I had a new notebook shipped to my house. It cost about $1600 new. The
tracking information said it was delivered, so I hurried home to get it as I
didn't want it on my doorstep. I get there, and no box. I checked the deck out
back (where the UPS guy would sometimes leave things), and nothing. Crap.

So I call Dell, and after working with them for 20 minutes, I have a new
replacement on the way. I basically had to "super pinky promise" that the
notebook never really made it to me.

10 minutes later, my neighbor comes by and says "Hey, got a package for you!".
Holy moly... I just social engineered the poor Indian lady at Dell. After a
quick call back, the replacement is canceled.

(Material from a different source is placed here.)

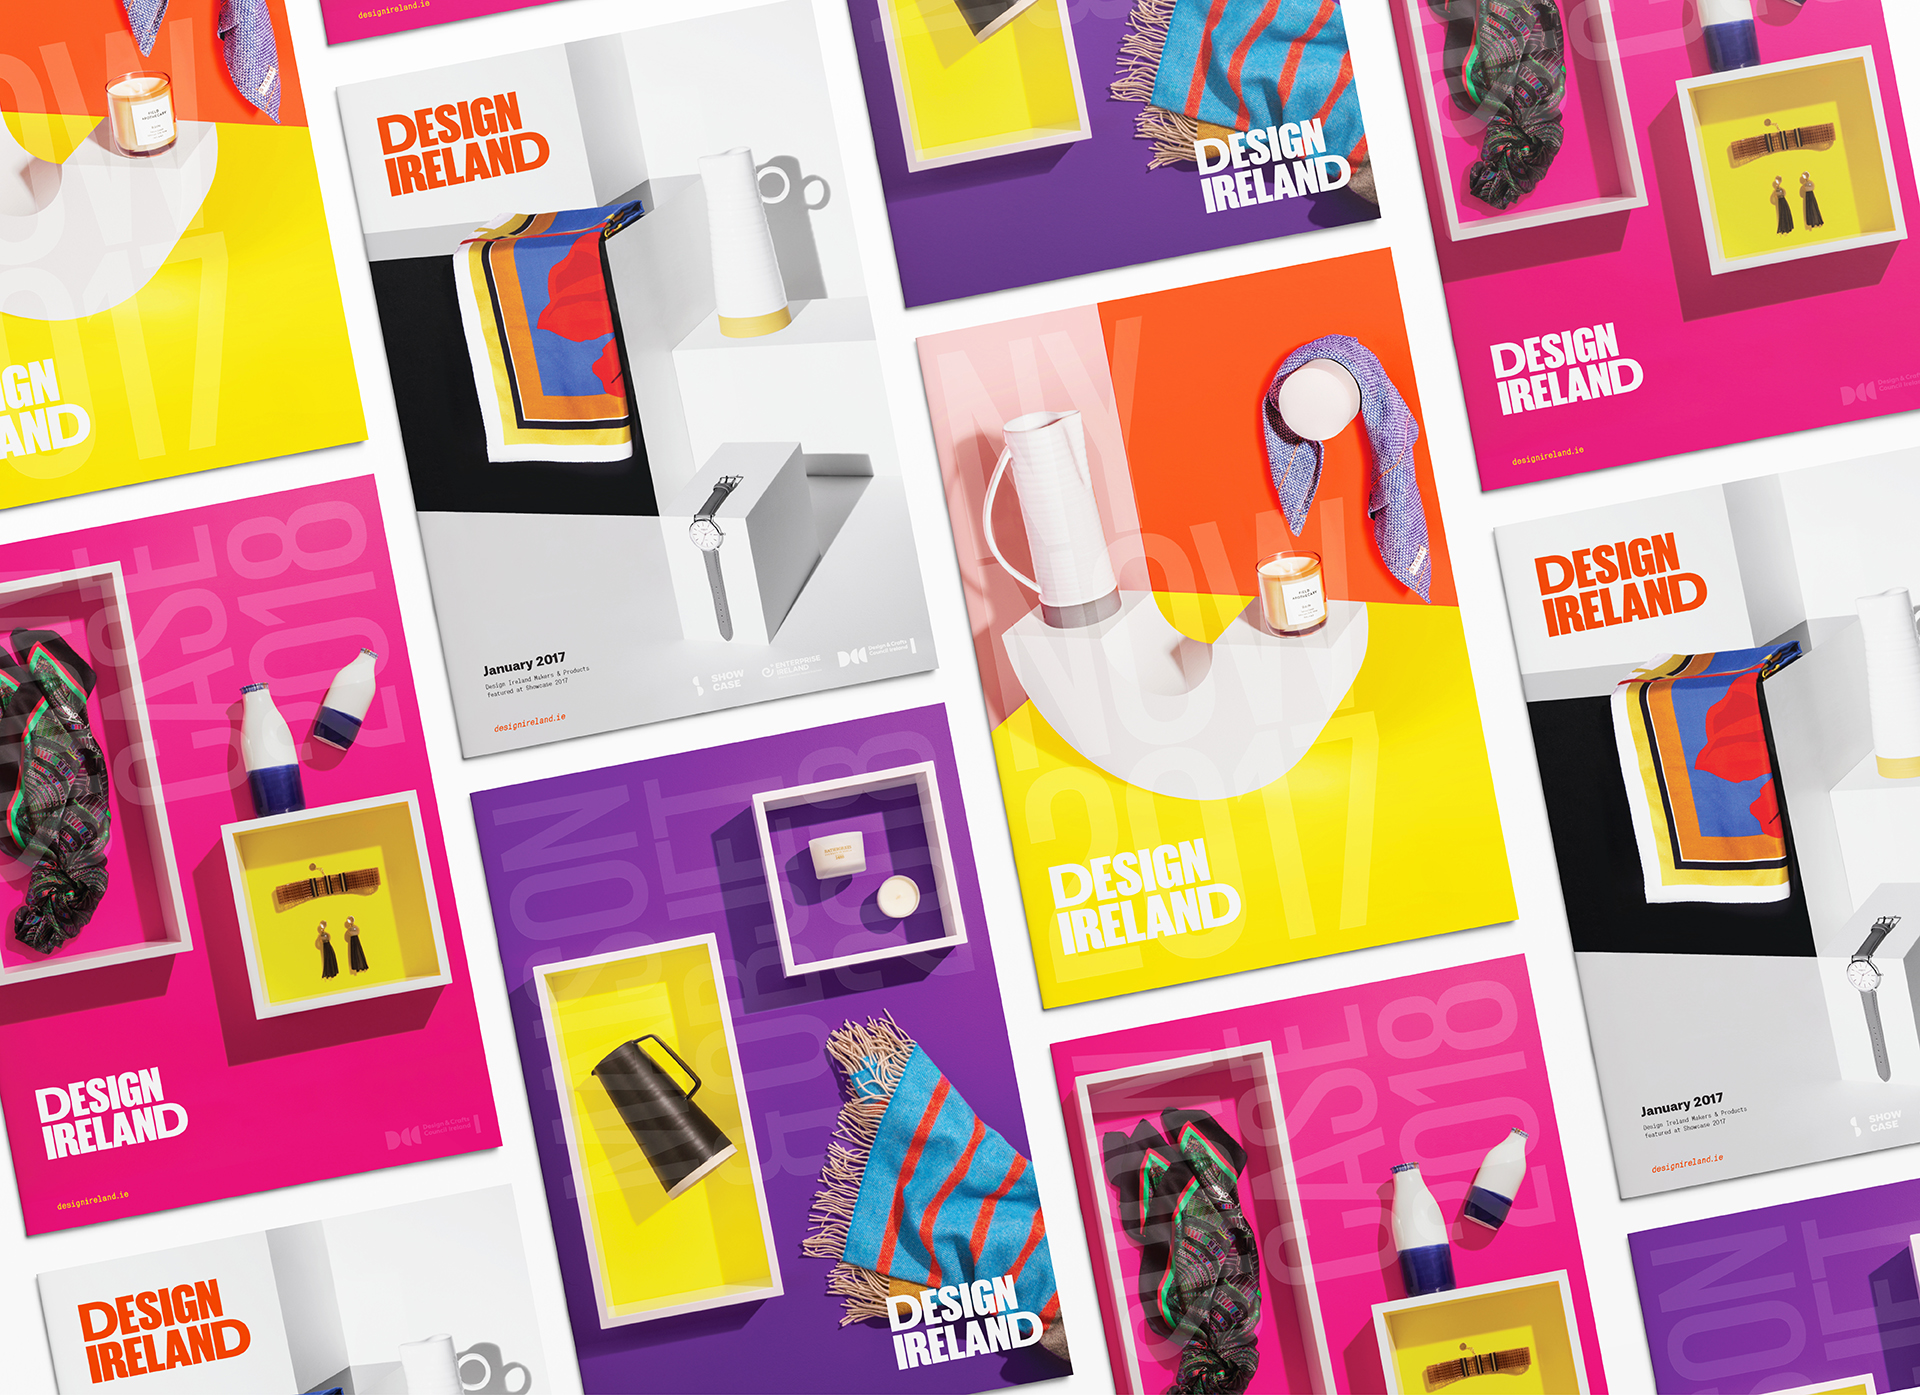 Togetherwecreate_DesignIreland_Brochures.jpg

To this day, I'm both shocked and very happy that Dell made it so easy. I like
that they trusted me (a return customer) and tried to do the right thing.
However, that trust is so easy to exploit.

I'm not sure what the answer is here. In this case, I can't blame amzn. I
mean, they are trying to be helpful. How do you setup a system that's truly
helpful w/o leaving wide gaps for scammers? Things like 2-factor auth, sms
codes, etc will annoy most non techies (IMO).

------
Shank
I'll vouch for the ease at which Amazon sends replacements for broken
products. I've ordered obscure replacement phone parts (namely touch screens
and lcd panels), but had issues with a couple. Amazon gladly refunded the
defective ones on the spot, which allowed me to buy others right off the bat.

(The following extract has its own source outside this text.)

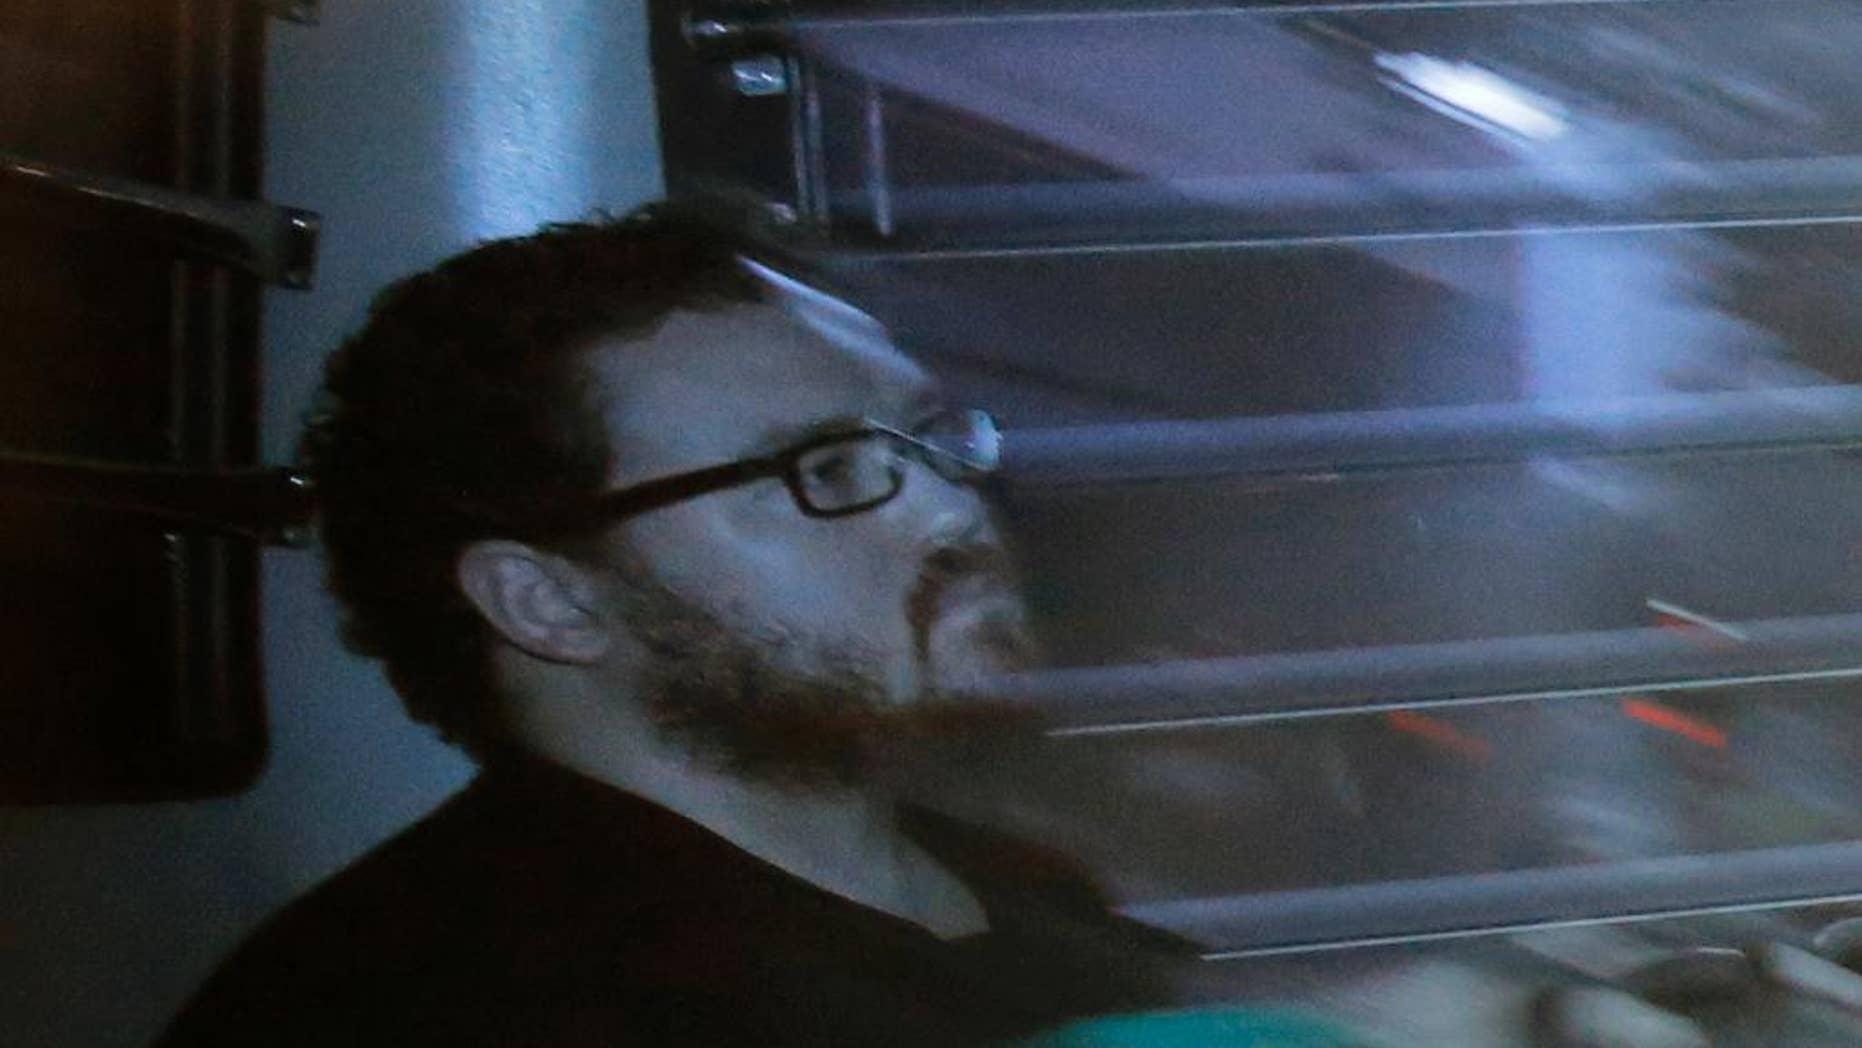 Rurik Jutting sitting in a prison bus in 2014.

I really hope this gets stopped - I'd rather not have Amazon's generosity
thrown down the drain because of a few scammers.

------
zobzu
I'd like to point out that this is almost ALWAYS the problem. People ALWAYS
get hacked, not because they use "love123" as their passwords, not because
their pc/mac wasn't up to date.

Nope. They get hacked because the security question ask for a pet name, or a
school name, or a friend name. Freaking easy. They get hacked because support
gives information without authenticating people.And so on.

Dear companies, stop doing that. Thanks.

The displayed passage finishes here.